In order to use the built-in featurizers to find configurationally dependent
force mappings, JAX must be installed.
The [nonlinear]
and [test]
targets satisfy this using a CPU accelerated
version of JAX. However, it is often necessary to install a GPU
accelerated version; for instructions on how to do so, see the JAX
documentation.
The following code shows how to generate an optimal linear force aggregation map that does not change based on molecular configuration. We grab test data, create a carbon alpha configurational mapping, detect constrained bonds from the trajectory, and then produce and apply an optimized force aggregation map to the trajectory.
from aggforce import linearmap as lm
from aggforce import agg as ag
from aggforce import constfinder as cf
import numpy as np
import re
import mdtraj as md
# get data
forces = np.load("tests/data/cln025_record_2_prod_97.npz")["Fs"]
coords = np.load("tests/data/cln025_record_2_prod_97.npz")["coords"]
pdb = md.load("tests/data/cln025.pdb")
# we use a carbon alpha configurational map, so we use mdtraj to get a topology an
# then filter by name to get a map.
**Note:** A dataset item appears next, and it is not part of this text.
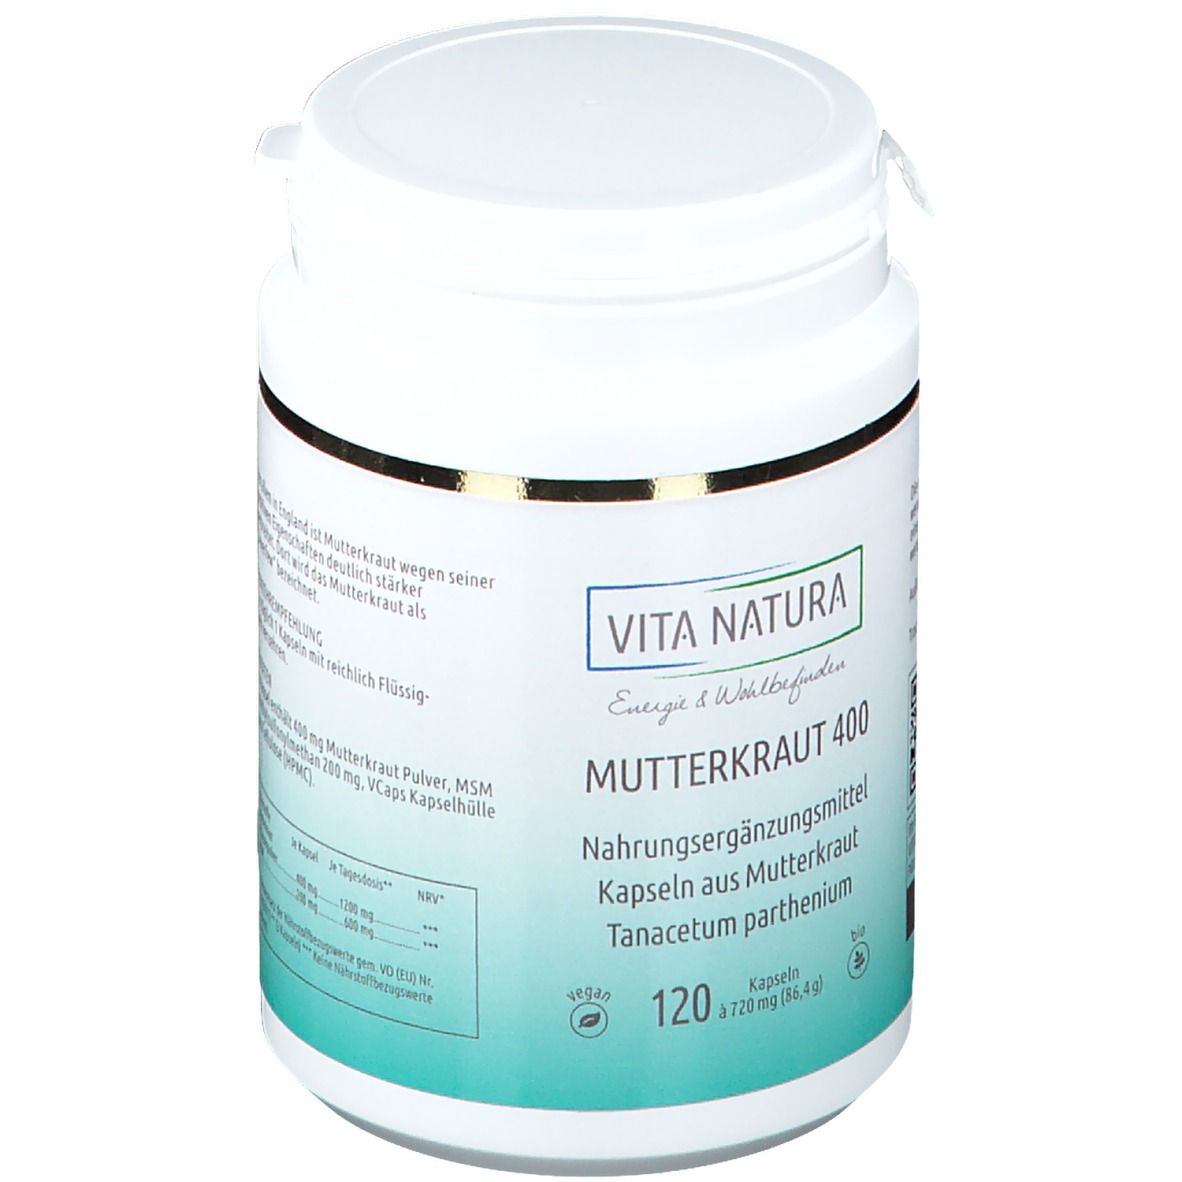 Vita Natura® Mutterkraut 400 mg

The map is of the form
# [[inds1],[inds2],[inds3] where each list element of the parent list corresponds
# to the atoms contributing to a particular cg particle
inds = []
atomlist = list(pdb.topology.atoms)
for ind, a in enumerate(atomlist):
if re.search(r"CA$", str(a)):
inds.append([ind])
# linear transformations (for forces and configurations) are represented by
# LinearMap instances
# we create our configurational c-alpha map, which is needed to optimize
# the force map
cmap = lm.LinearMap(inds, n_fg_sites=coords.shape[1])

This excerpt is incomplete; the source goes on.